Medicare participants with a cancer diagnosis are less likely to switch from a managed care plan to traditional fee-for-service Medicare than matched subjects who do not have a cancer diagnosis, a study in the Journal of the National Cancer Institute shows.
In many locations, Medicare beneficiaries can choose between traditional fee-for-service insurance and managed care plans. Managed care plan participants incur fewer out-of-pocket costs than those enrolled in traditional Medicare but may be restricted in their access to particular healthcare providers.

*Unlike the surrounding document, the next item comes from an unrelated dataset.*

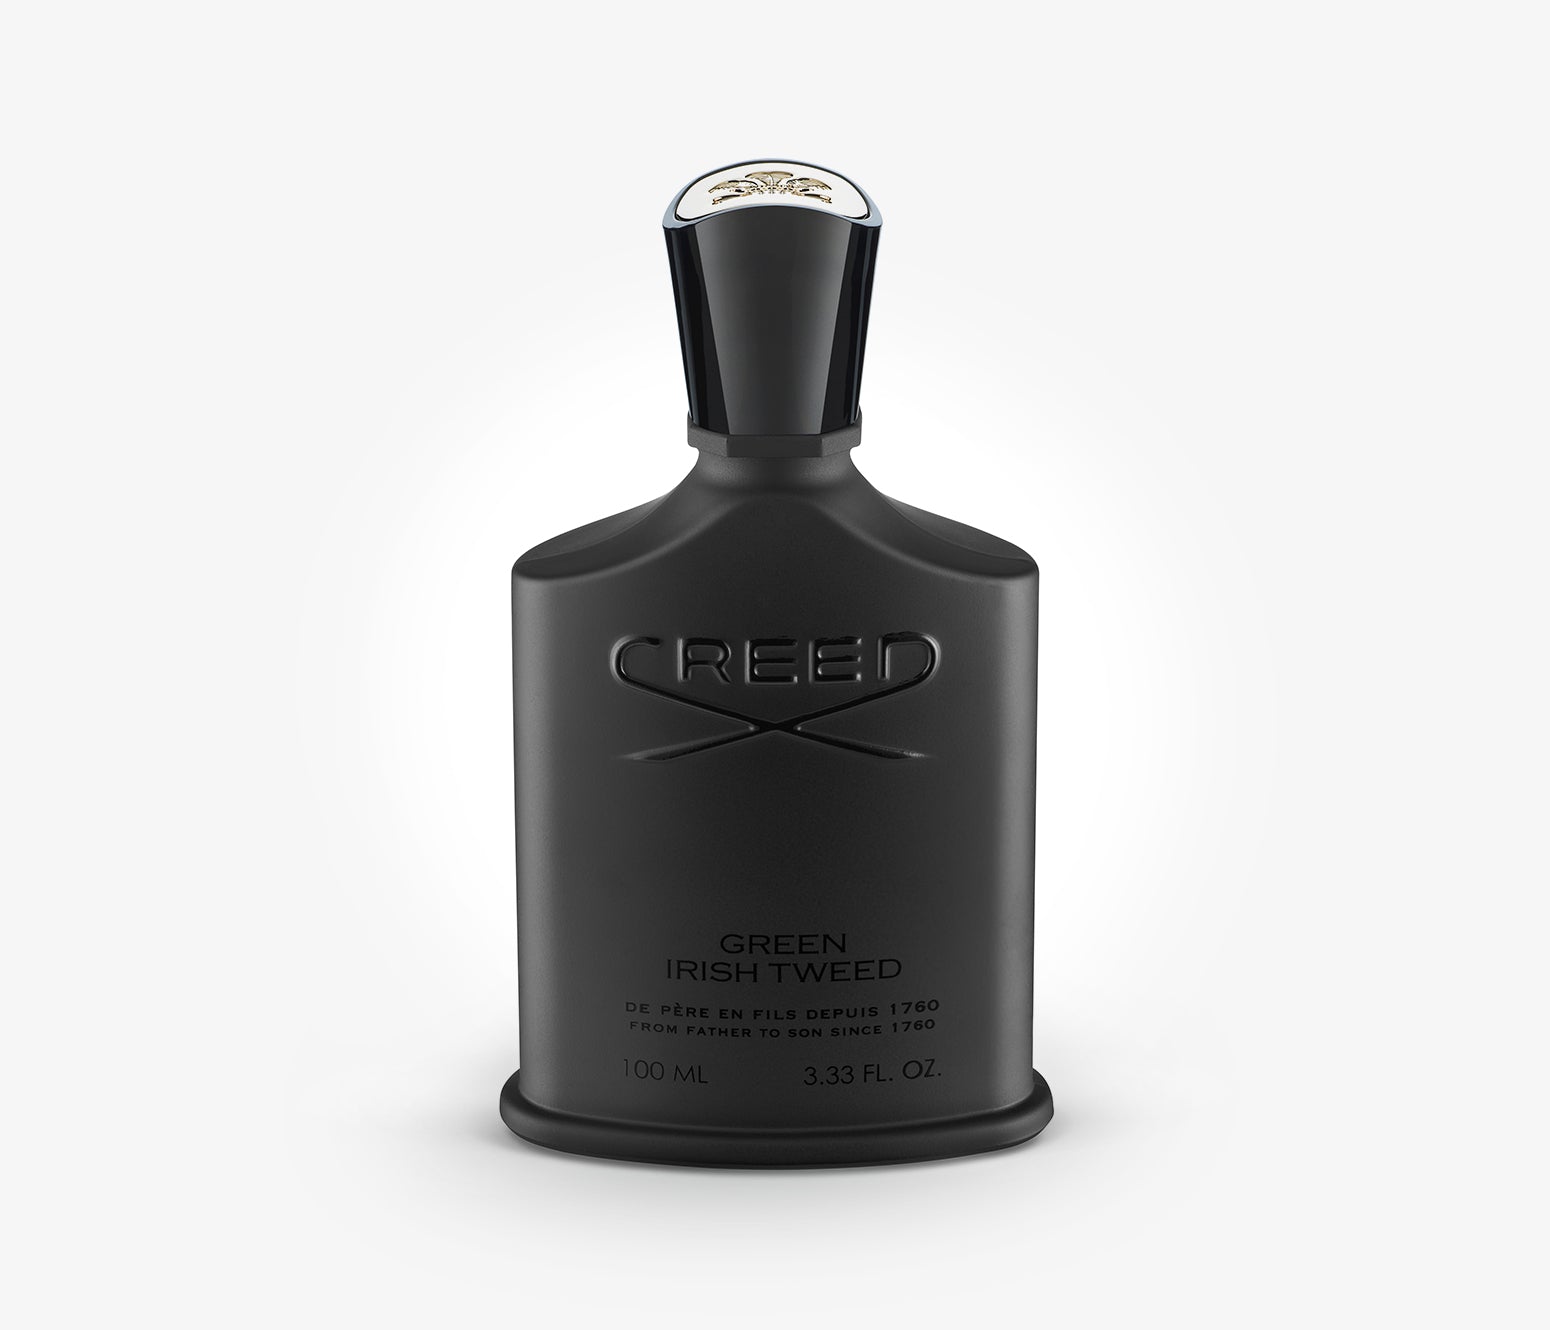 Creed  - Green Irish Tweed  - 100ml - WSD001 - Product Image - Fragrance - Les Senteurs
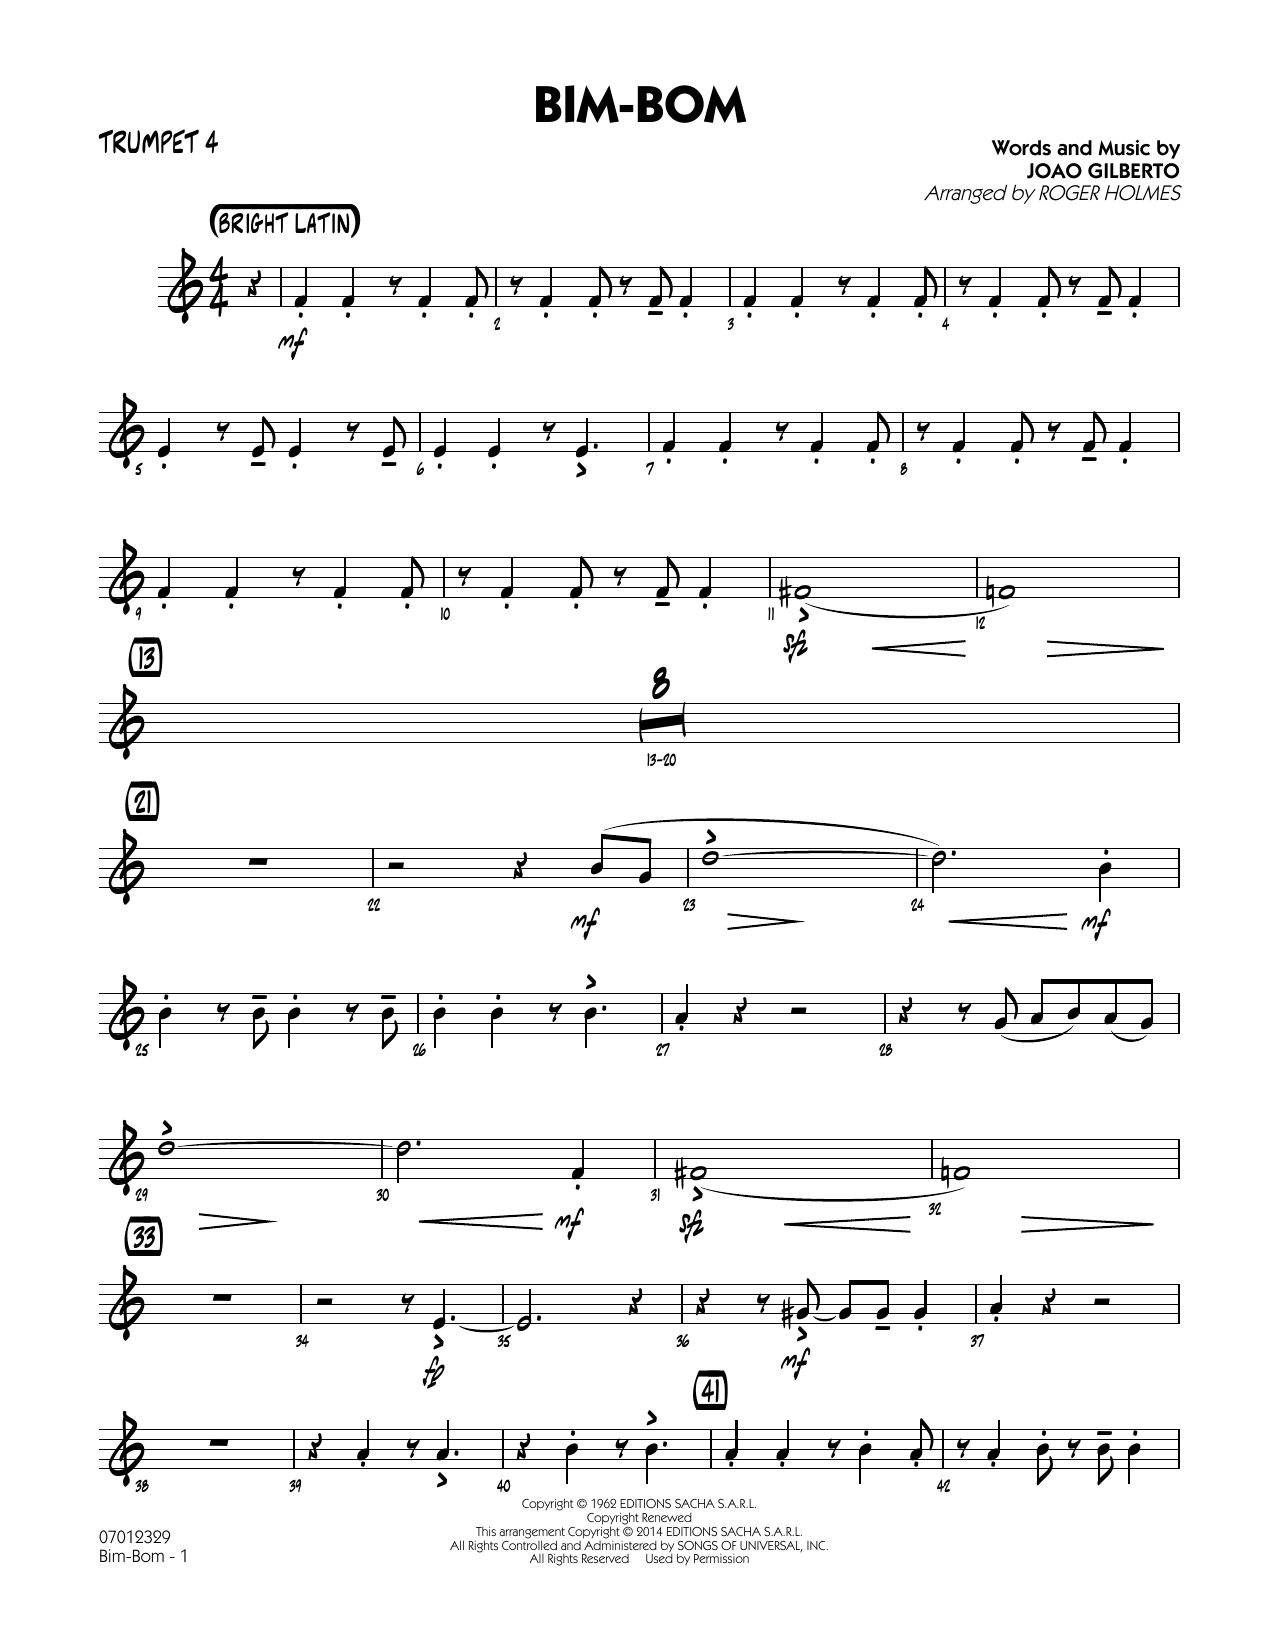 Roger Holmes Bim-Bom - Trumpet 4 sheet music notes and chords. Download Printable PDF.

To determine whether Medicare participants are likely to disenroll from managed care plans following a cancer diagnosis, Elena Elkin, Ph.D., of Memorial Sloan-Kettering Cancer Center in New York and colleagues used the Surveillance, Epidemiology, and End Results (SEER) database and linked Medicare enrollment files. The researchers identified 28,331 women with breast cancer, 26,494 individuals with colorectal cancer, 29,046 men with prostate cancer, and 31,243 individuals with lung cancer who were diagnosed between 1995 and 2002. The researchers compared the frequency of voluntary disenrollment during the two years after diagnosis with enrollment changes by matched control subjects who did not have a cancer diagnosis.
Cancer patients were statistically significantly less likely to disenroll from a Medicare managed care plan than individuals who were cancer-free. The results were consistent across age, disease site and stage, race, and location in the United States.
"If voluntary disenrollment from Medicare managed care is, in fact, beneficiaries' way of 'voting with their feet,' then our results suggest that enrollees facing a serious, potentially life-threatening illness are as satisfied with Medicare managed care, if not more so, than their cancer-free peers," the authors write.